6 thoughts on “Commercial Sexual Exploitation of Children: America’s Contemporary Form of Slavery

  1. Even though I studied all of these things in the same class as you, I feel like you still taught me something new. I have never really juxtaposed pimp culture and CSEC with slavery, even though they are so extremely similar. And to think, we live in country that boasts about our freedom and criticizes other countries that treat their citizens with an inhumane manner. When in reality, we live in a country where people are oppressed by either the government or other citizens and these girls in “the life,” unfortunately, suffer because of both.

  2. Really interesting commentary on contemporary slavery in the first paragraph, and I like how you used some independent research in the second paragraph. I found that what you took away from the meeting with the GEMS survivors was very interesting and informative.

  3. You did a great job in comparing CSEC to slavery. I also like how you incorporated Stockholm Syndrome. In Rachel Lloyd’s memoir, she has a great passage in the chapter entitled “Staying” where she connects slavery and Stockholm Syndrome as well. She says, “In the ‘Interesting Narrative of the Life of Olaudah Equiano,’ the former slave clearly developed a level of Stockholm Syndrome toward his ‘master’ Pascal and sought to find ‘kindness’ even in the midst of his traumatic experiences as a slave.” This is like what sexually trafficked girls do when talking about their pimps and like you mentioned Lloyd saying, “a candy bar he gave you is more dominant in your memory than the times when he beat you.” I think that all of these things, (CSEC as a contemporary form of slavery, Stockholm Syndrome, etc.) are all closely related and ultimately add to the difficulty these girls have to face when trying to leave their pimps.

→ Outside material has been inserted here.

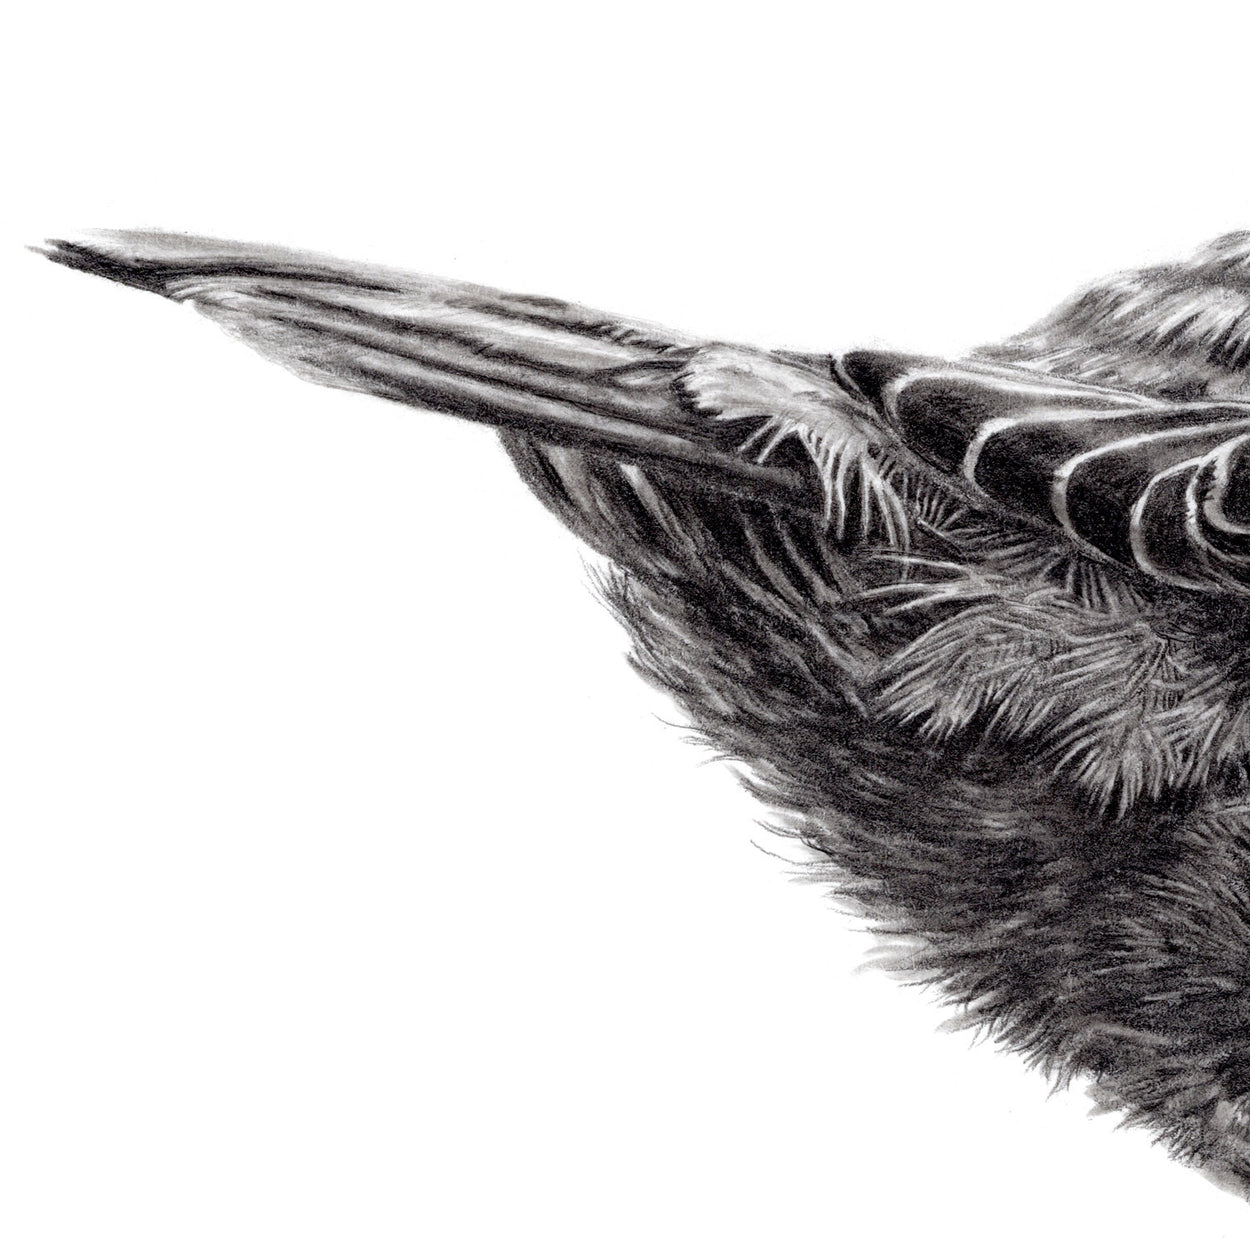 Dipper Bird Feathers Drawing Close-up - The Thriving Wild

For example, because of the levels of Stockholm Syndrome sexually trafficked girls experience, they are blinded to the fact that they are actually being exploited, just as slaves were. This, then, is what tricks them into staying with their pimps.

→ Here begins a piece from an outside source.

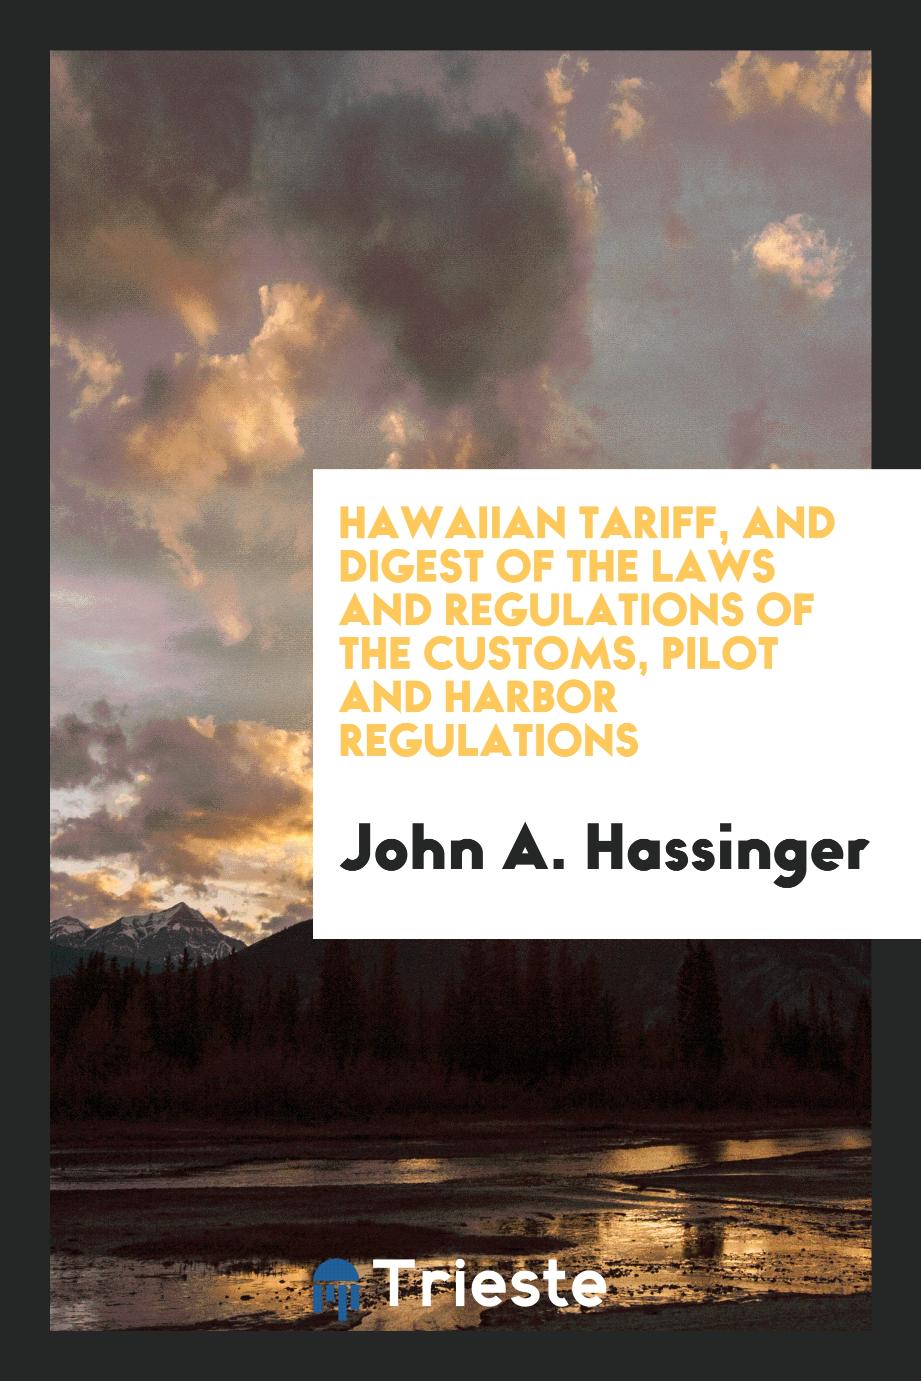 Hawaiian Tariff, and Digest of the Laws and Regulations of the Customs, Pilot and Harbor Regulations

  4. The statement that CSEC is modern-day slavery is so eye-opening. It forces me to take a step back and think of the ways in which people are manipulated.

    Factory workers being underpaid and child laborers are things that are spoken about, but in a way that is disconnected and often made to seem as if it is not an issue anymore.

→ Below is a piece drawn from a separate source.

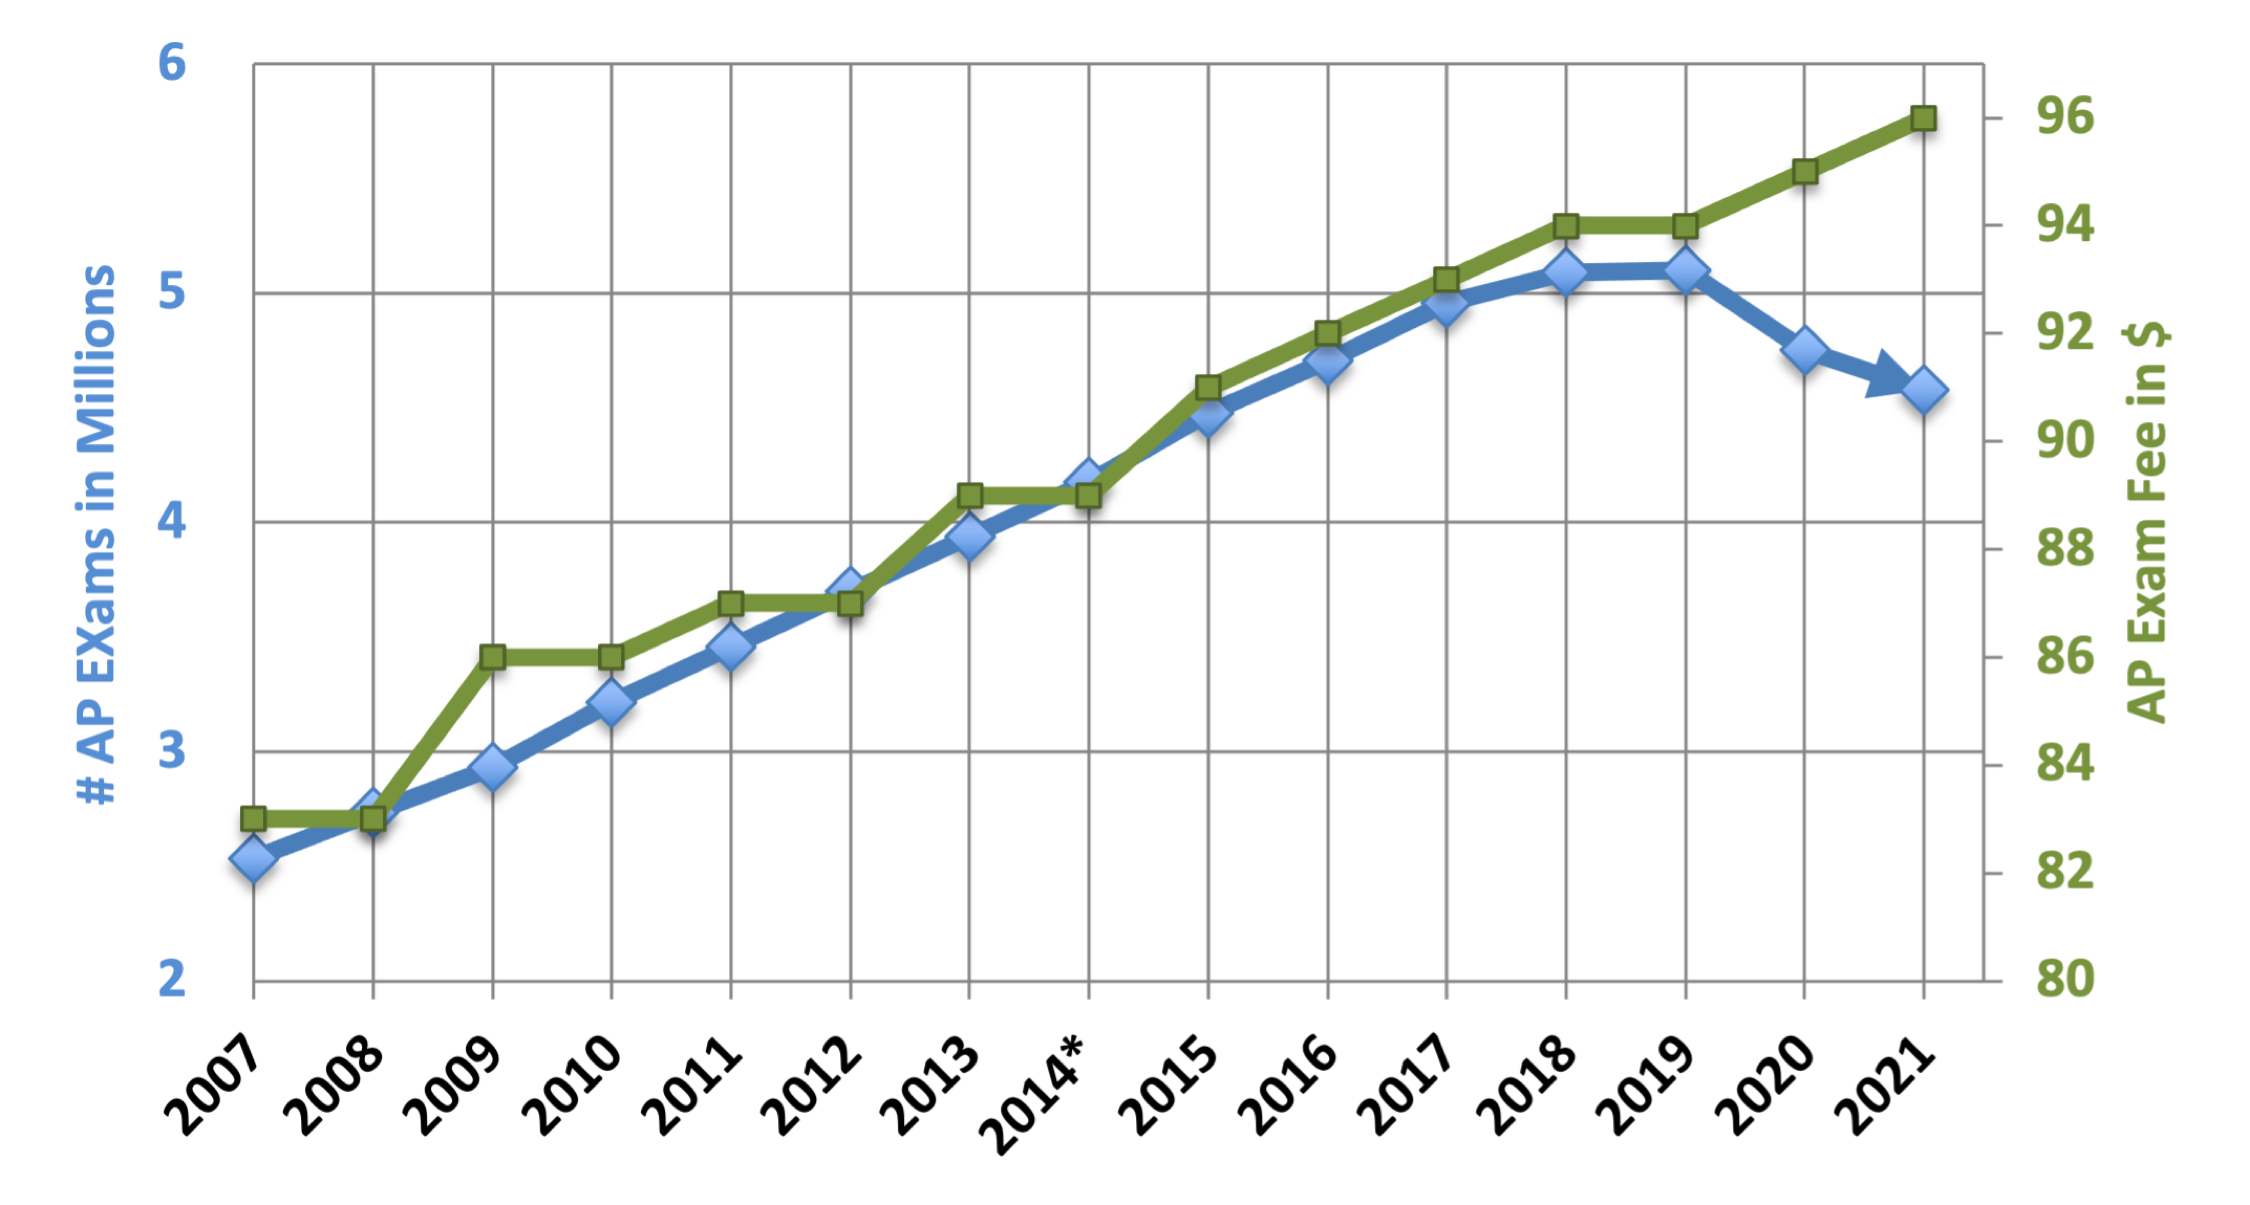 AP Exam Fee History and Number of Exams 2007 to 2021

    I believe this post, along with its title, will open up the eyes of people who have thought that slavery was over.

  5. the comparison of the old slave to the CSEC victims as slaves is wonderful; they are slaves, they work really hard for something they don’t like and they get nothing in return, well only disrespect, hits…. Society needs to be reeducated because they do not understand how bad the situation is for the victims, we have a tendency to try to protect the defendant may he be guilty or not, and I think that it’s because as humans, we recognize what it wrong and we want to improve it personally and clearly that is not by putting them in jail.

  6. The correlation between America’s ugly legacy of African slavery and ugly current status in terms of trafficking is powerful and clear, but awkward. No one wants to bring up one of our nation’s worst-ever practices in relation to something that still exists. Furthermore, the connection draws attention to the issue of continued racism in America, which no one wants to admit but plays an important part in the perpetuation of CSEC. So bravo, Emma, for beautifully utilizing this difficult argument.